A plugin for the GATE language technology framework that provides gazetteer and regular expression annotator PRs for string annotation
https://gatenlp.github.io/gateplugin-StringAnnotation/
GNU Lesser General Public License v3.0
1 stars 1 forks source link

Rethink case sensitivity #7

Open johann-petrak opened 6 years ago

johann-petrak commented 6 years ago

Copied from: https://github.com/johann-petrak/gateplugin-StringAnnotation/issues/4

Consider: always store the actual case (if case-normalization is wanted, must be a preparation step for the list file). Then, if case-insensitive matching is required (then: a runtime parameter!!) use a parallel matching algorithm: for each character position, match the lower-case and upper-case version for all active matches in parallel. In theory, we could double the number of active matches at each position, but this will actually not happen and the number of active matches will be bounded by the maximum number of differently capitalized prefixes of a potential full match (or set of matches if we want to find all possible matches of any length). Then, actually create several annotations for each case-variation we matched, or just one annotation based on a preference setting (e.g. first, best case match ...?)

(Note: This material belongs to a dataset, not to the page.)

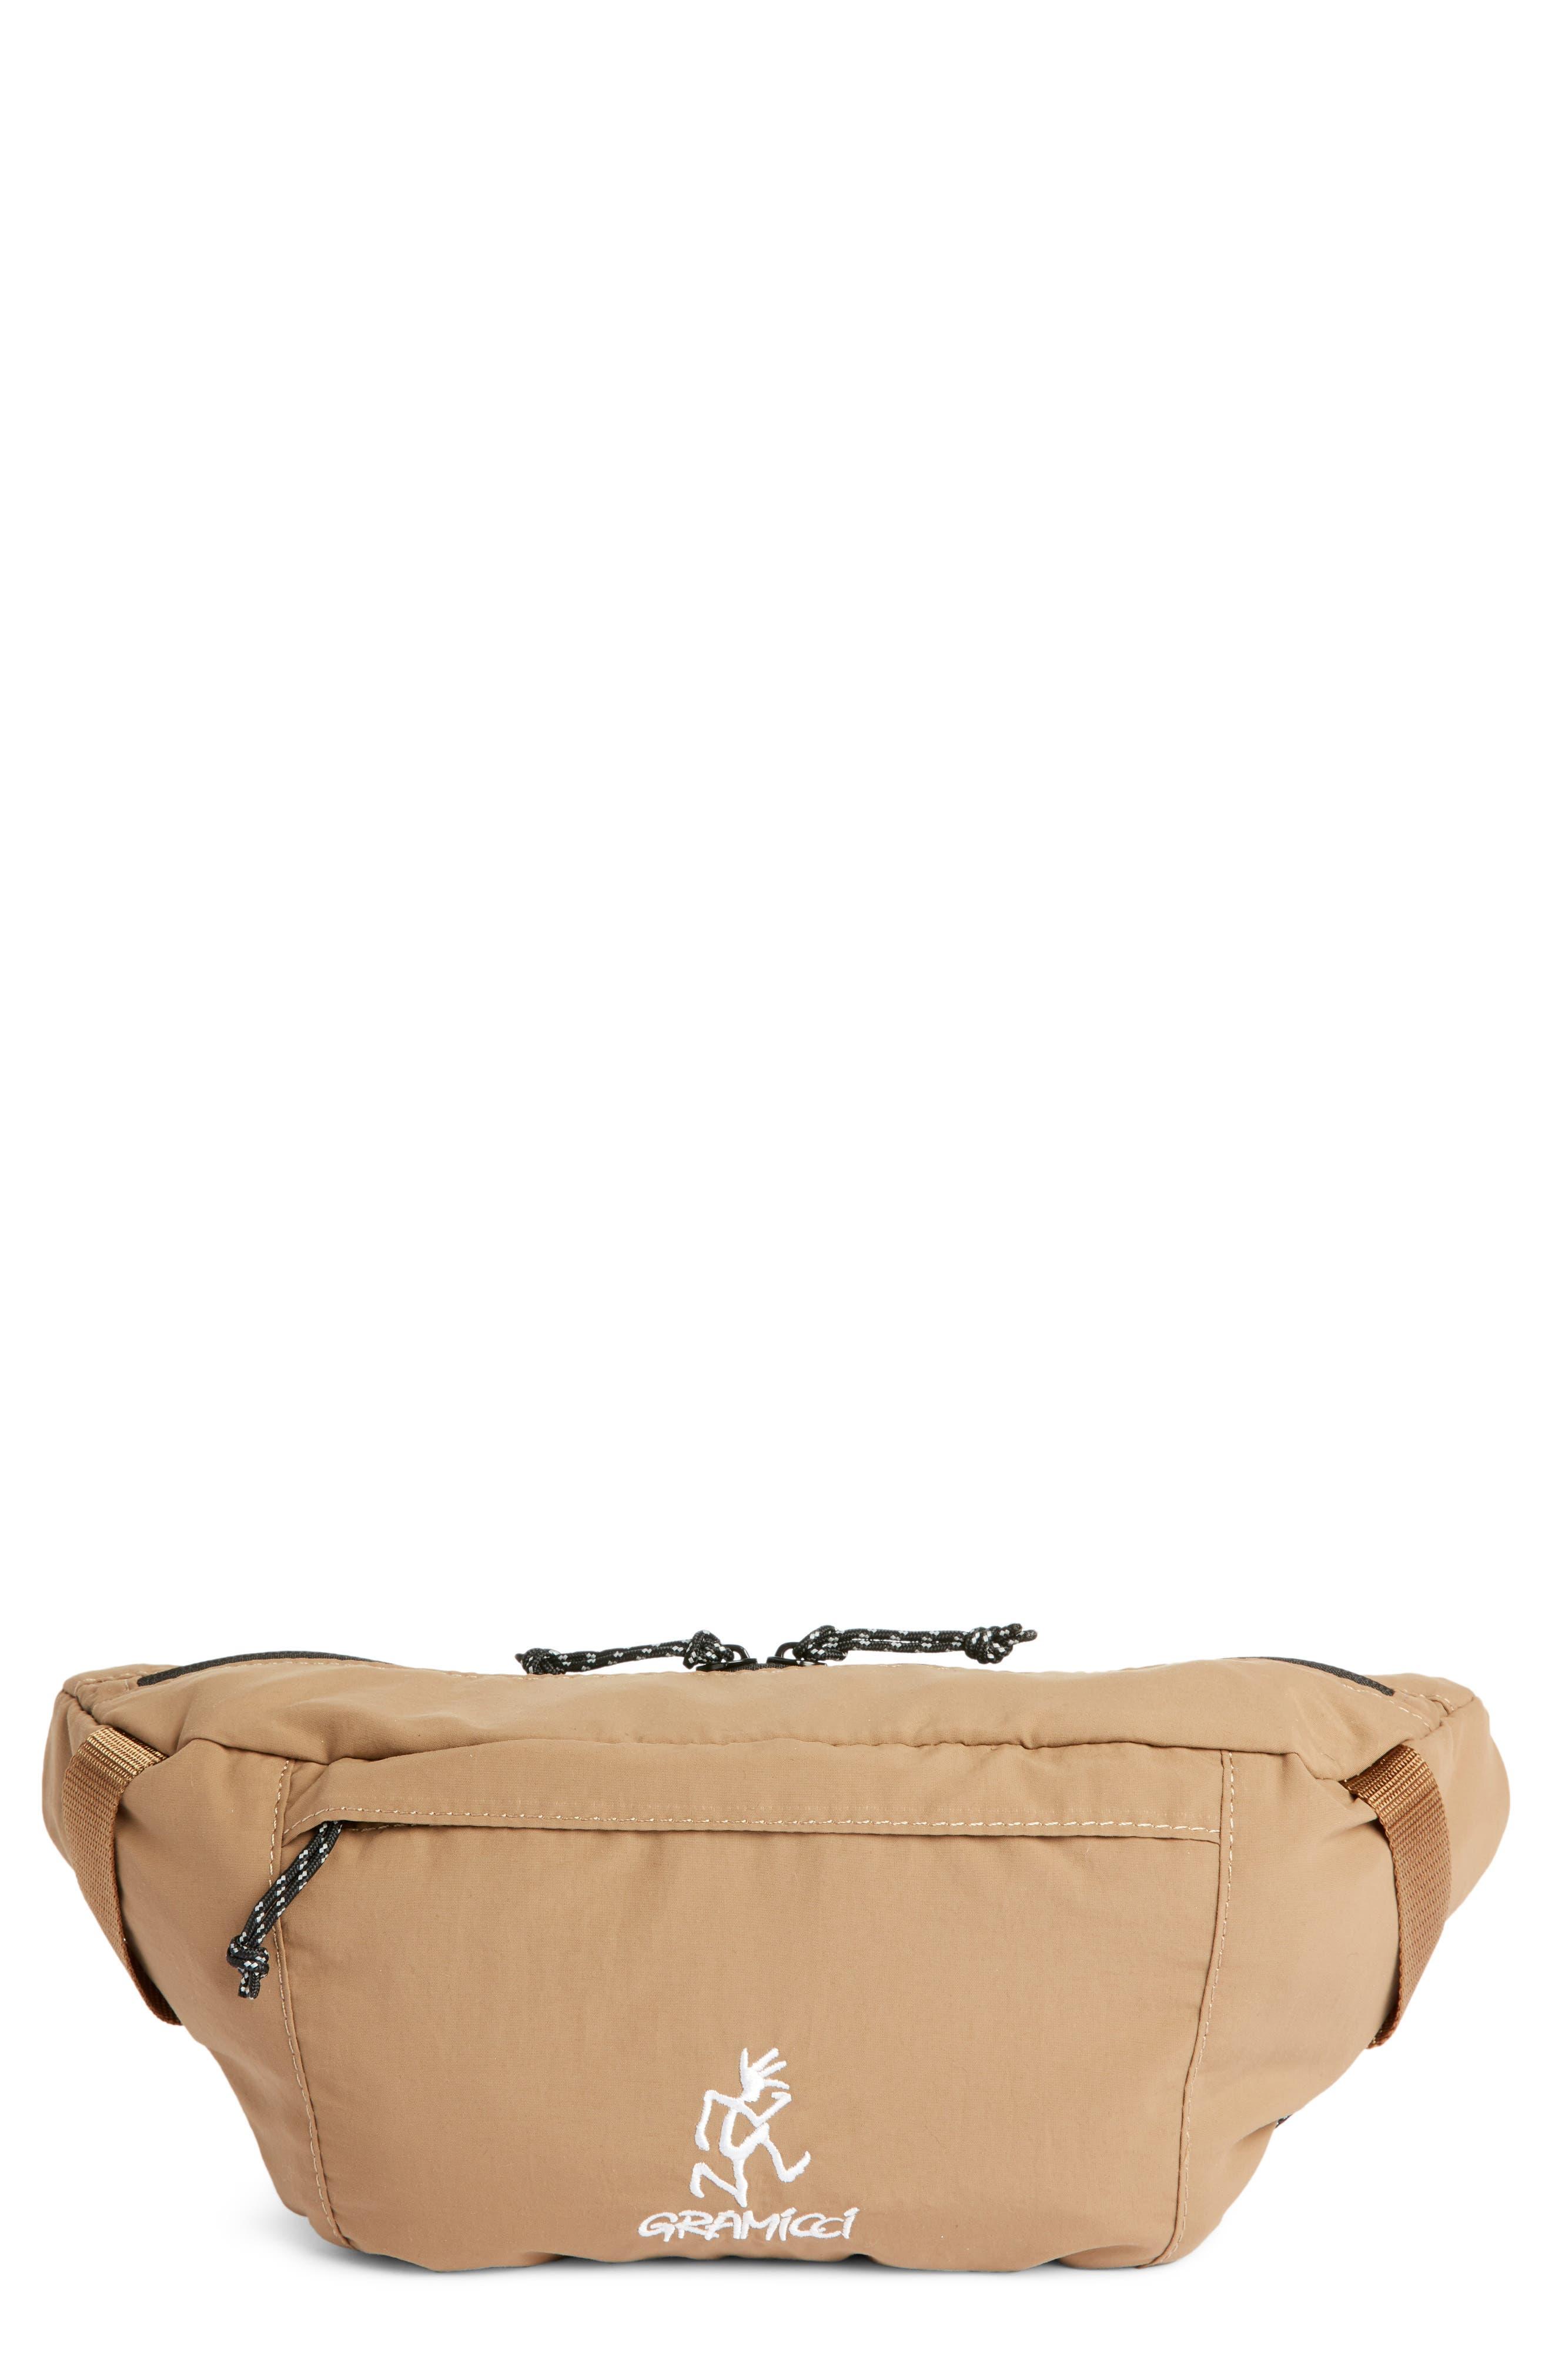 Body Belt Bag

johann-petrak commented 6 years ago

Maybe an alternate approach would be to add per-entry information about what the actual case of the entry is: for example we could always assume all-lower case and encode the most common deviations from that in just a few bits (e.g. all upper case, title case). Only if the deviations are bigger we would store all alternate case variations with the entry. Another approach could be to have the normal trie with all-lowercase entries and just store the fact that alternate cases exist and that all-lowercase is NOT a match in a few bits. Then the alternate cases would be stored in a second compressed trie. In other words we would always build the normal non-casesensitive trie, but in addition we would also build a case-sensitive trie for those entries which are not all lowercase. If we match case sensitively, we would match the case-sensitive trie and the non-case sensitive one at the same time. If we get a non-lower case in the input, the non-case trie is abandoned. We are left we the case sensitive matches. If we match non case sensitive, we do the same but do not abandon the lowercase trie but only set the non-sensitive lower match flag. We end up with either matching the lower case entry exactly, or matching an alternatavie exactly, or matching the lower case entry case insensitively which we can then record in the annotation.